Required action => Reproduce the data word for word, keeping every line complete.

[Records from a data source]

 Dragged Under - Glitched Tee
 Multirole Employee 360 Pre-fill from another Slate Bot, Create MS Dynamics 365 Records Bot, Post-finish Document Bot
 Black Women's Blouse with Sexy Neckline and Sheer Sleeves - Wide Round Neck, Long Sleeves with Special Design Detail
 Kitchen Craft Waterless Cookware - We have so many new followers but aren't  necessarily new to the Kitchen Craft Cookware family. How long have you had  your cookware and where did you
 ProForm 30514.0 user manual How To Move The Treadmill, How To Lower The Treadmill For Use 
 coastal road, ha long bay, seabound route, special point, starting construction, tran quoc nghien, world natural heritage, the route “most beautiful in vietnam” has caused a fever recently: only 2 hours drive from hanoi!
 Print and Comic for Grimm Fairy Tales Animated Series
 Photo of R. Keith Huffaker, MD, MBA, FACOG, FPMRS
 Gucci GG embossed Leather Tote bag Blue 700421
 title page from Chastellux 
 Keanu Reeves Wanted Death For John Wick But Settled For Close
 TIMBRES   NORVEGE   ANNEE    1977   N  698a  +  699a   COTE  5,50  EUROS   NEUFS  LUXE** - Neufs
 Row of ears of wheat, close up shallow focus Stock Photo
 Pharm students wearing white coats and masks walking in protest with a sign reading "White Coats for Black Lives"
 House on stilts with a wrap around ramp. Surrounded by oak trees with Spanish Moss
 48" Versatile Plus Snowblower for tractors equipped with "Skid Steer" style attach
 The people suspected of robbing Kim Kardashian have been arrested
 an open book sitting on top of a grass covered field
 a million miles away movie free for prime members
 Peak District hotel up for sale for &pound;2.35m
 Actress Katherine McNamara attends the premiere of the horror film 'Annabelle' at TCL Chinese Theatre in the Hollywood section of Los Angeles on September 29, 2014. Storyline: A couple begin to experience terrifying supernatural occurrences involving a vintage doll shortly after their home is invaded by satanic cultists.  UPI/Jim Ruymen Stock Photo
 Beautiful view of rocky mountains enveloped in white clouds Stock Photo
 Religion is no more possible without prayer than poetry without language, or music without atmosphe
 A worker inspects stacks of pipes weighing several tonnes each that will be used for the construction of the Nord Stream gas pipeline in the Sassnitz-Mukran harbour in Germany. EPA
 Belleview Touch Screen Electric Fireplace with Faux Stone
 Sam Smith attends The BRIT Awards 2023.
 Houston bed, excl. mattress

Expected output =>
 Dragged Under - Glitched Tee
 Multirole Employee 360 Pre-fill from another Slate Bot, Create MS Dynamics 365 Records Bot, Post-finish Document Bot
 Black Women's Blouse with Sexy Neckline and Sheer Sleeves - Wide Round Neck, Long Sleeves with Special Design Detail
 Kitchen Craft Waterless Cookware - We have so many new followers but aren't  necessarily new to the Kitchen Craft Cookware family. How long have you had  your cookware and where did you
 ProForm 30514.0 user manual How To Move The Treadmill, How To Lower The Treadmill For Use 
 coastal road, ha long bay, seabound route, special point, starting construction, tran quoc nghien, world natural heritage, the route “most beautiful in vietnam” has caused a fever recently: only 2 hours drive from hanoi!
 Print and Comic for Grimm Fairy Tales Animated Series
 Photo of R. Keith Huffaker, MD, MBA, FACOG, FPMRS
 Gucci GG embossed Leather Tote bag Blue 700421
 title page from Chastellux 
 Keanu Reeves Wanted Death For John Wick But Settled For Close
 TIMBRES   NORVEGE   ANNEE    1977   N  698a  +  699a   COTE  5,50  EUROS   NEUFS  LUXE** - Neufs
 Row of ears of wheat, close up shallow focus Stock Photo
 Pharm students wearing white coats and masks walking in protest with a sign reading "White Coats for Black Lives"
 House on stilts with a wrap around ramp. Surrounded by oak trees with Spanish Moss
 48" Versatile Plus Snowblower for tractors equipped with "Skid Steer" style attach
 The people suspected of robbing Kim Kardashian have been arrested
 an open book sitting on top of a grass covered field
 a million miles away movie free for prime members
 Peak District hotel up for sale for &pound;2.35m
 Actress Katherine McNamara attends the premiere of the horror film 'Annabelle' at TCL Chinese Theatre in the Hollywood section of Los Angeles on September 29, 2014. Storyline: A couple begin to experience terrifying supernatural occurrences involving a vintage doll shortly after their home is invaded by satanic cultists.  UPI/Jim Ruymen Stock Photo
 Beautiful view of rocky mountains enveloped in white clouds Stock Photo
 Religion is no more possible without prayer than poetry without language, or music without atmosphe
 A worker inspects stacks of pipes weighing several tonnes each that will be used for the construction of the Nord Stream gas pipeline in the Sassnitz-Mukran harbour in Germany. EPA
 Belleview Touch Screen Electric Fireplace with Faux Stone
 Sam Smith attends The BRIT Awards 2023.
 Houston bed, excl. mattress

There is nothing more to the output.